For some time, I’ve been thinking about creating a gathering-place for activists myself. But while it is the dream of every “wenqing” (文青) in Taiwan to own a coffee shop, given my love of dive bars, I’ve always wanted to open a bar. An activist dive bar…Yeah. Alright, not the most profitable-sounding business idea. But that was the notion behind our attempt to create something out of the Factory—an old printing factory in Wanhua, the oldest, poorest, and most historic district of Taipei, located on Guiyang Street, which is the first street in Taipei, the origin of the city.
It turned out that an activist colleague, Y., had a connection with the trio of old men who were managing the space: the factory’s original owner; a wealthy businessman who had run a drugstore before retiring; and a Presbyterian priest. All three had grown up on the street or somewhere near it. With the city government expected to come in and redevelop the area within the next decade, they thought it was a shame to let the space go to waste. In the meantime, why not let a group of young people take over the space and do something interesting with it?

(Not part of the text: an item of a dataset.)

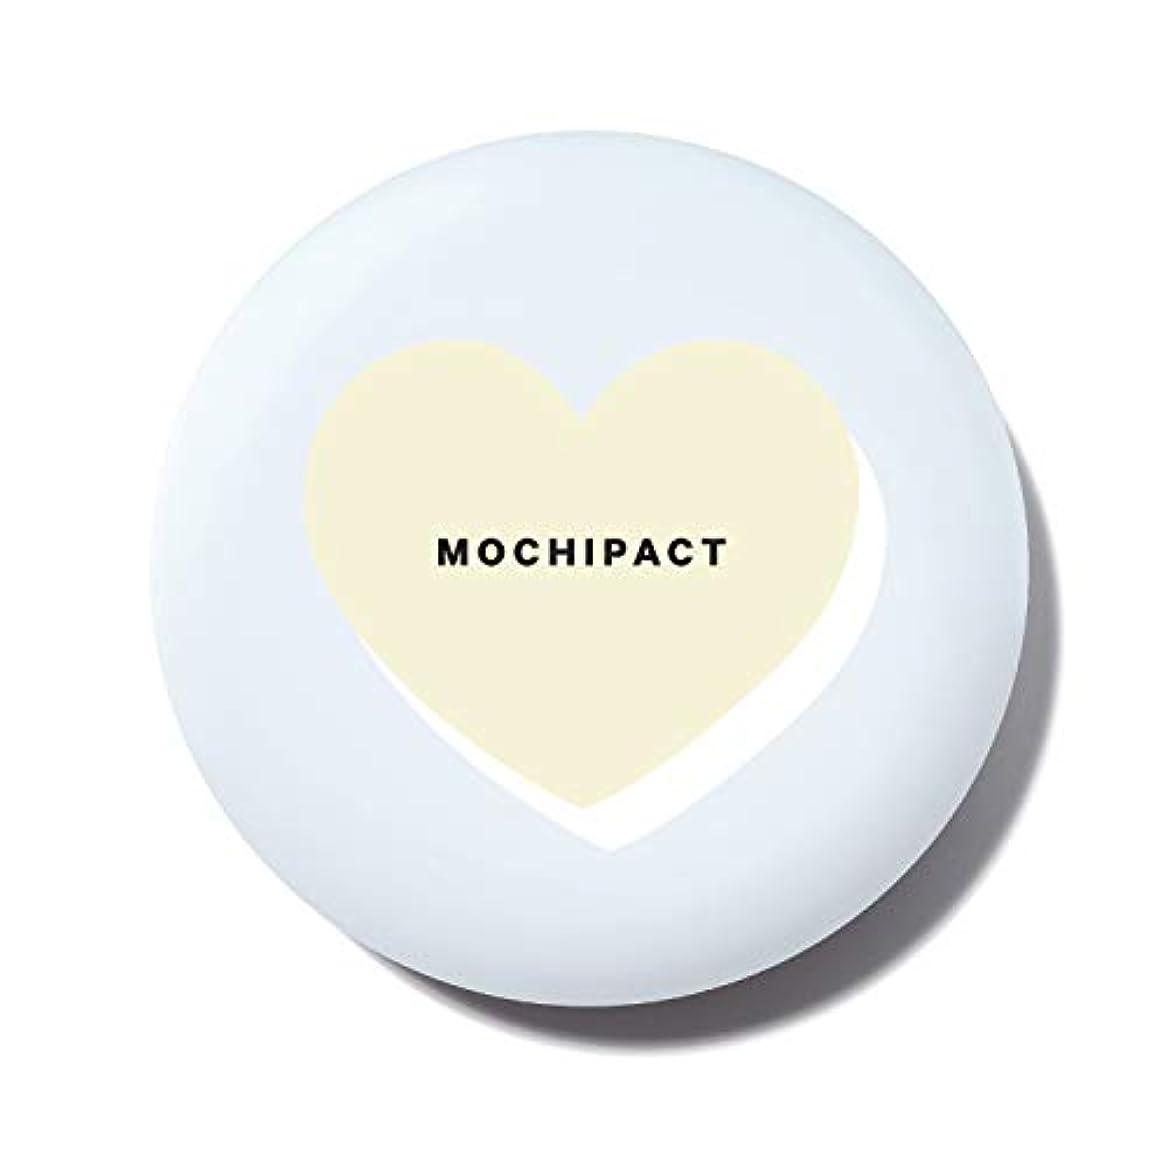 休日バイバイクリエイティブ16brand(シックスティーンブランド) 16MOCHI PACT (モチパクト) ピーチライト (PEACH LIGHT) (9g)

The original owner, a man in his eighties or nineties who still lived upstairs from the Factory, was a first-generation waishengren, one of the 10% of the population descended from those who came to Taiwan with the Kuomintang in the 1940s. But the other two were benshengren, descended from the earlier waves of Han migration over the past several hundred years, who make up 88% of Taiwan’s population. They were strongly pro-independence—the Presbyterian church has historically been associated with support for the independence-leaning DPP, which emerged from the Taiwanese democracy movement.
They seemed to support our ideals, as a group of pro-independence young people. Or at least, that’s what we thought.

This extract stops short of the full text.